REQUIREMENT: Write out every line below again exactly as it stands, skipping each image.

[DATA EXTRACT Boundary: Start]

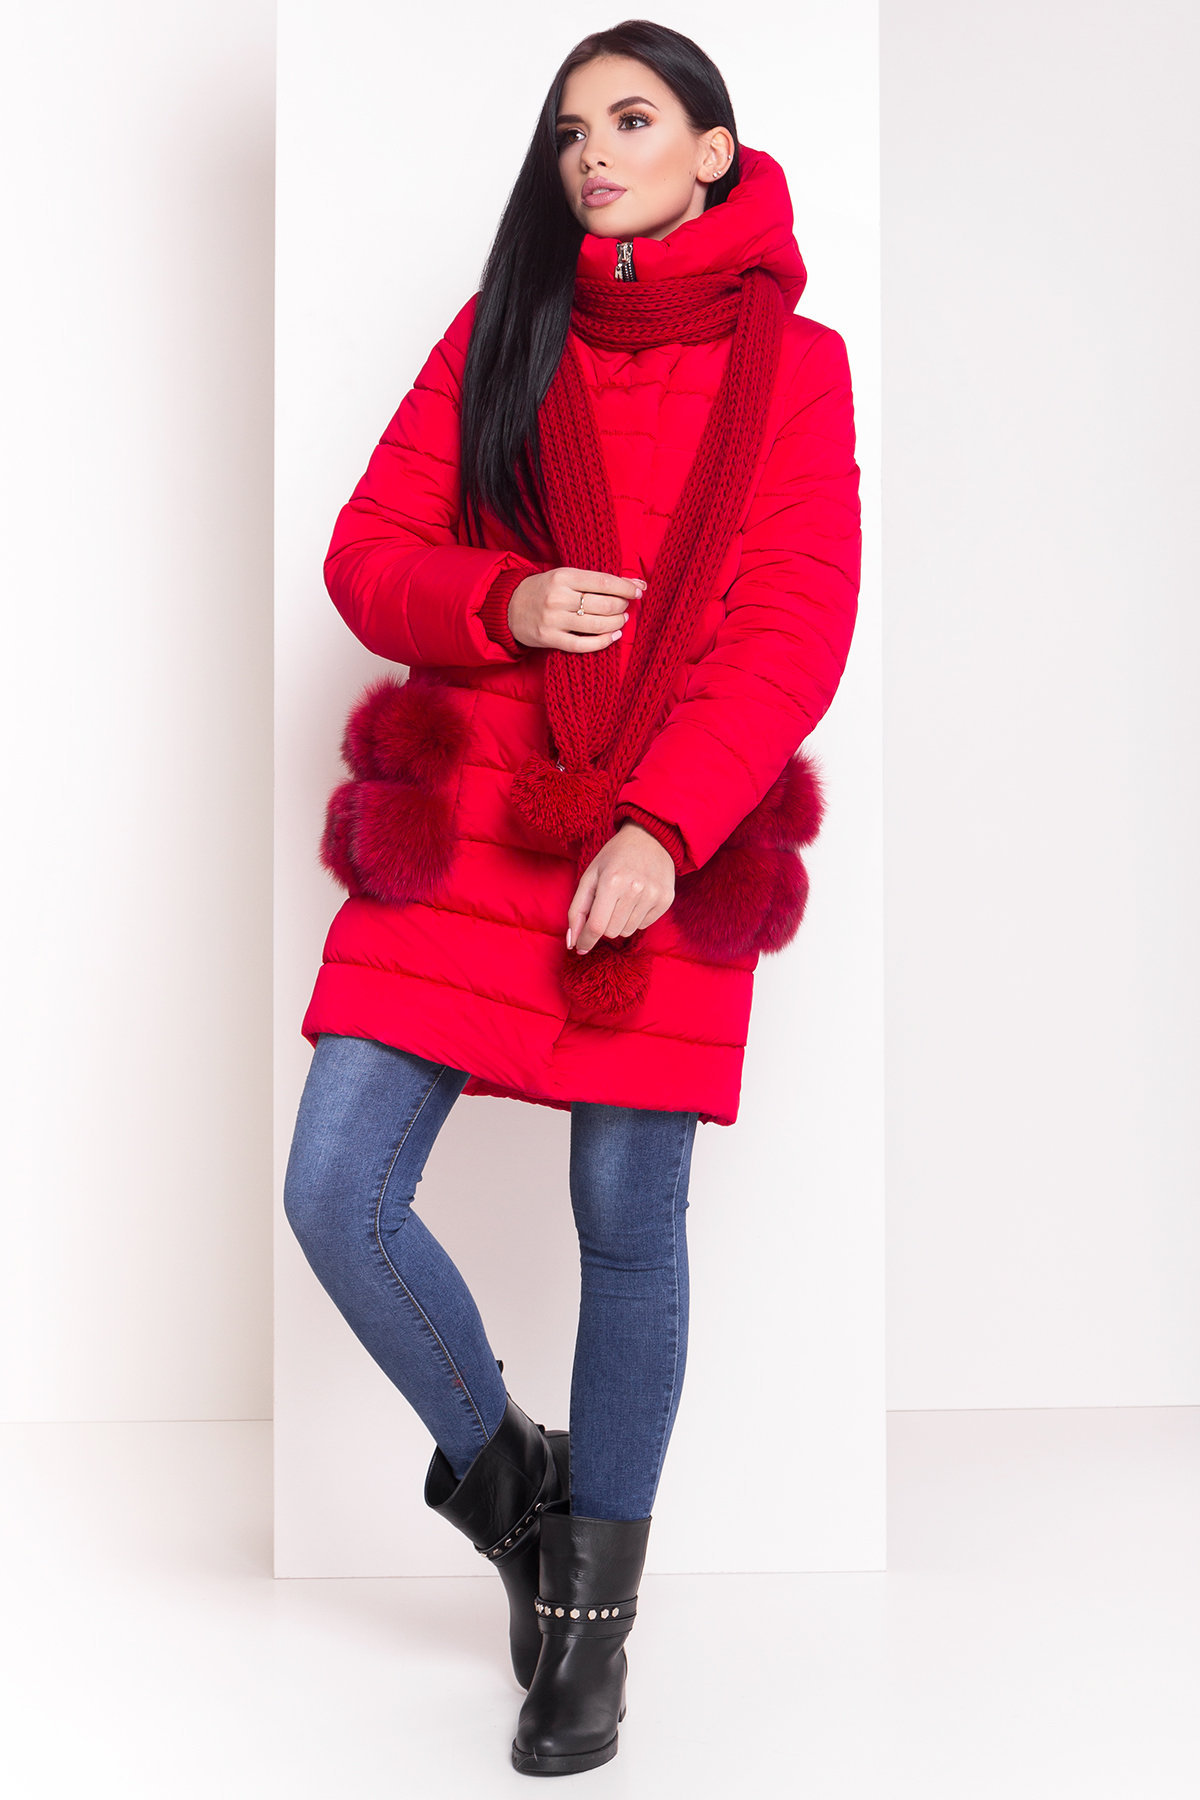 Зимний пуховик прямого кроя Лили Канада 8363 АРТ. 44554 Цвет: Красный - фото 1, интернет магазин tm-modus.ru
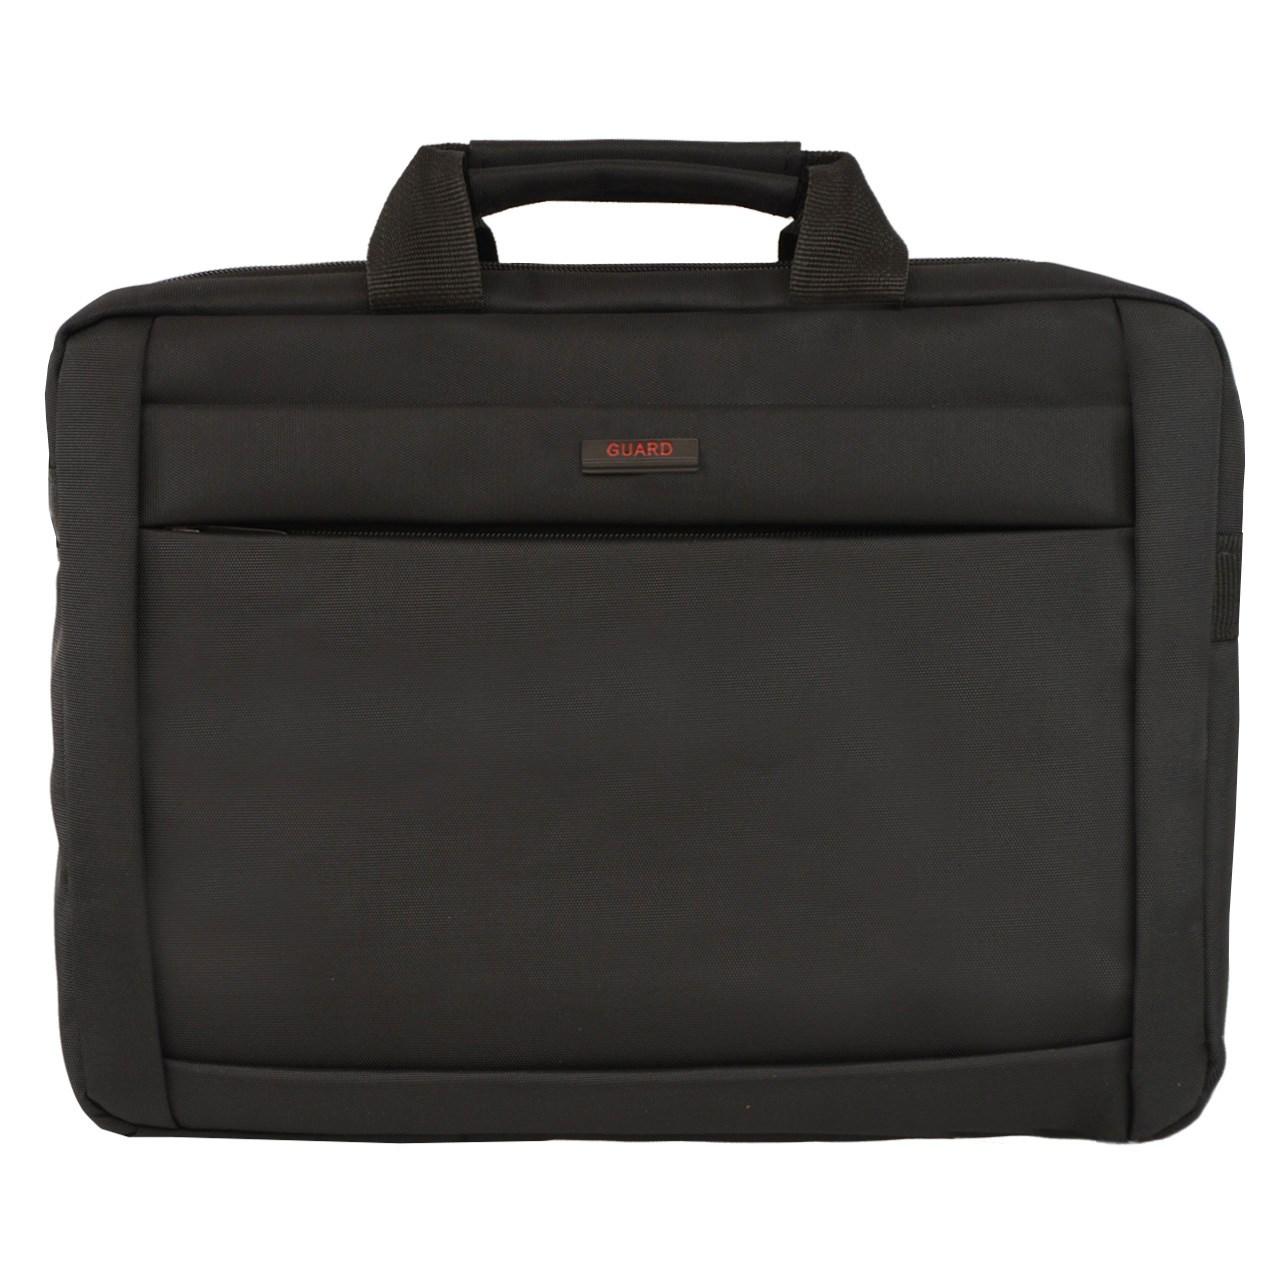 کیف لپ تاپ گارد مدل HP125 مناسب برای لپ تاپ 15.6 اینچی
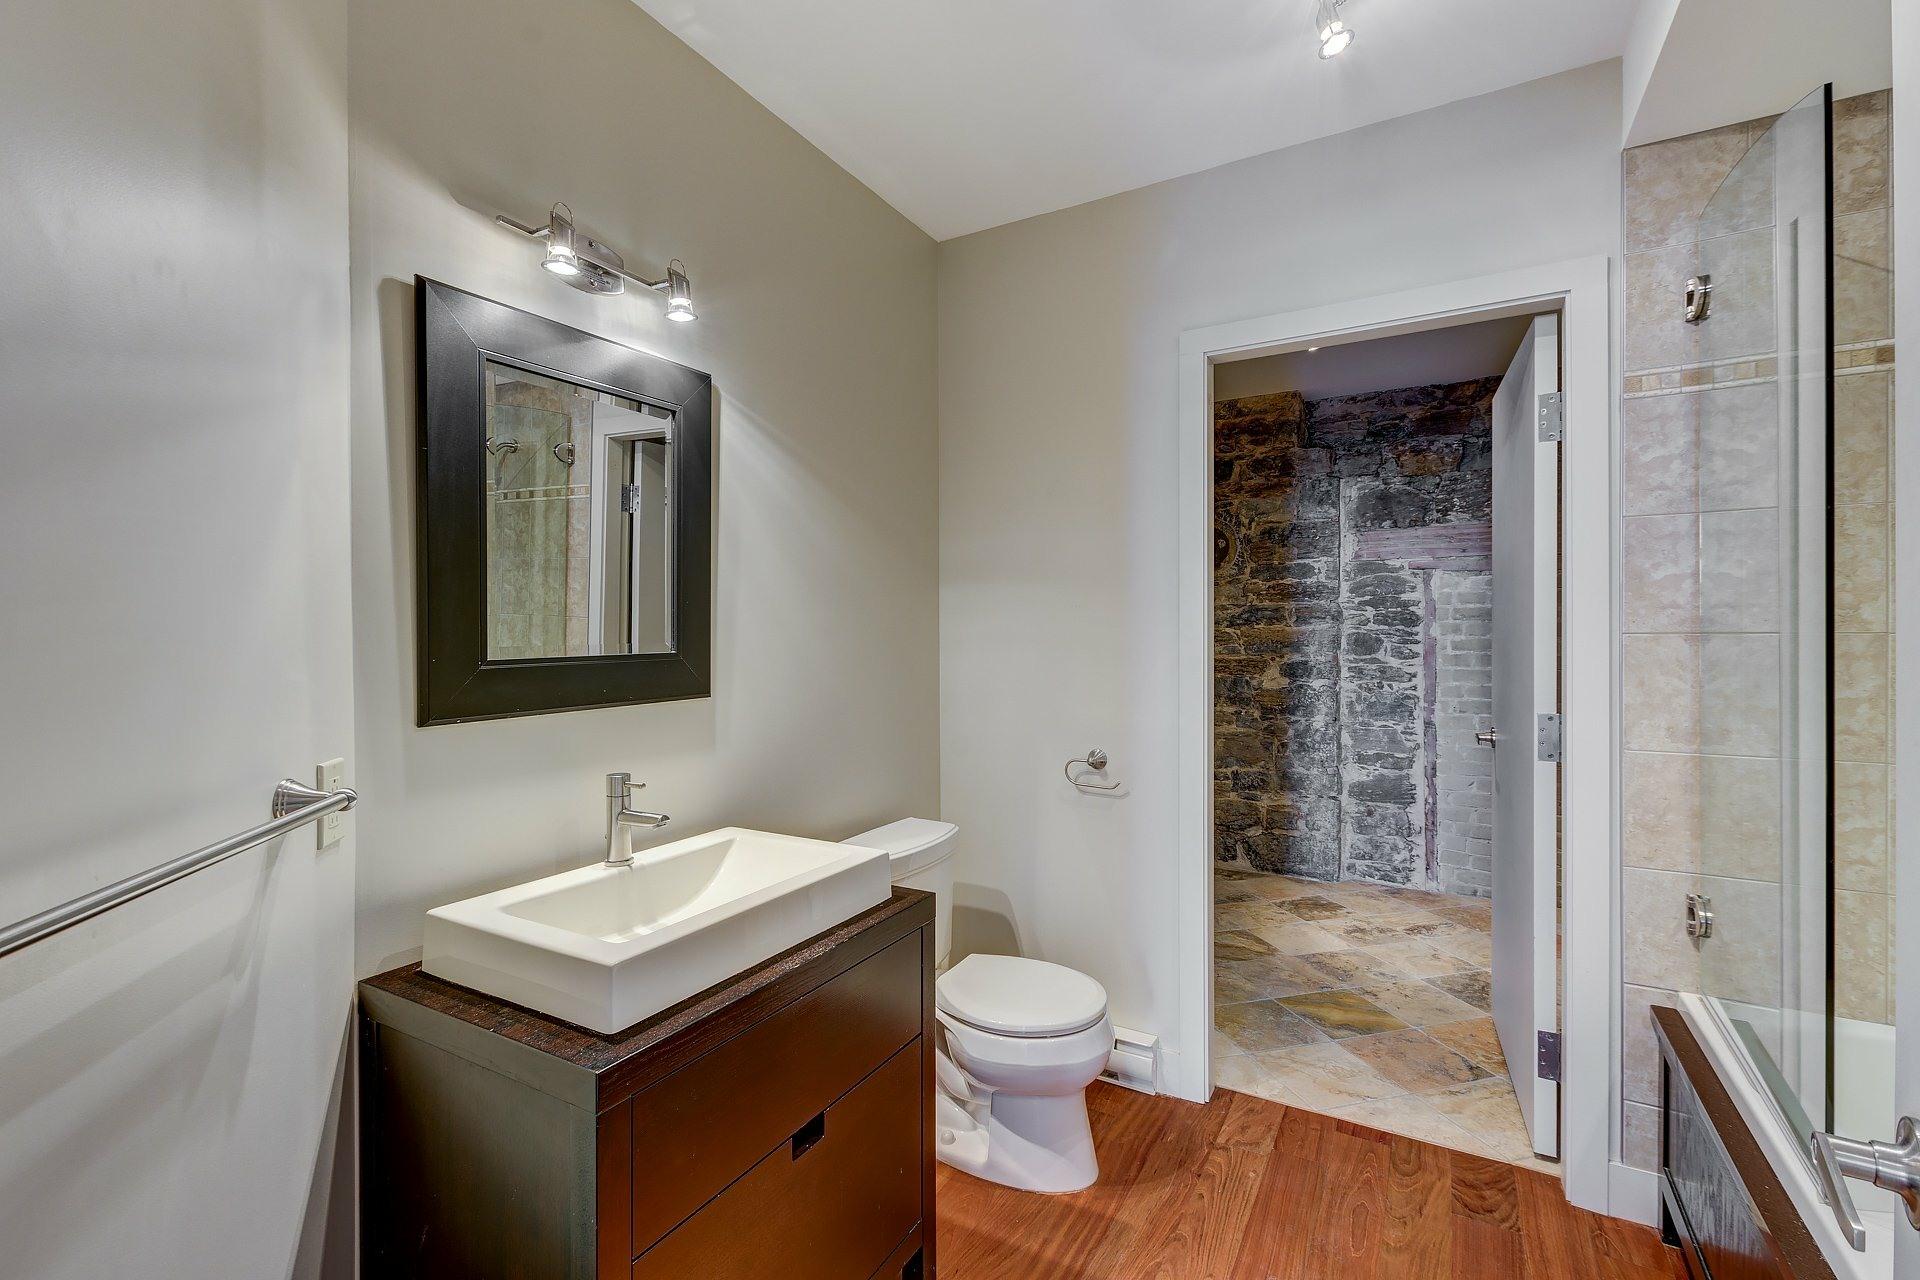 image 11 - Appartement À louer Ville-Marie Montréal  - 3 pièces

[DATA EXTRACT Boundary: End]

SOLUTION:
 Зимний пуховик прямого кроя Лили Канада 8363 АРТ. 44554 Цвет: Красный - фото 1, интернет магазин tm-modus.ru
 کیف لپ تاپ گارد مدل HP125 مناسب برای لپ تاپ 15.6 اینچی
 image 11 - Appartement À louer Ville-Marie Montréal  - 3 pièces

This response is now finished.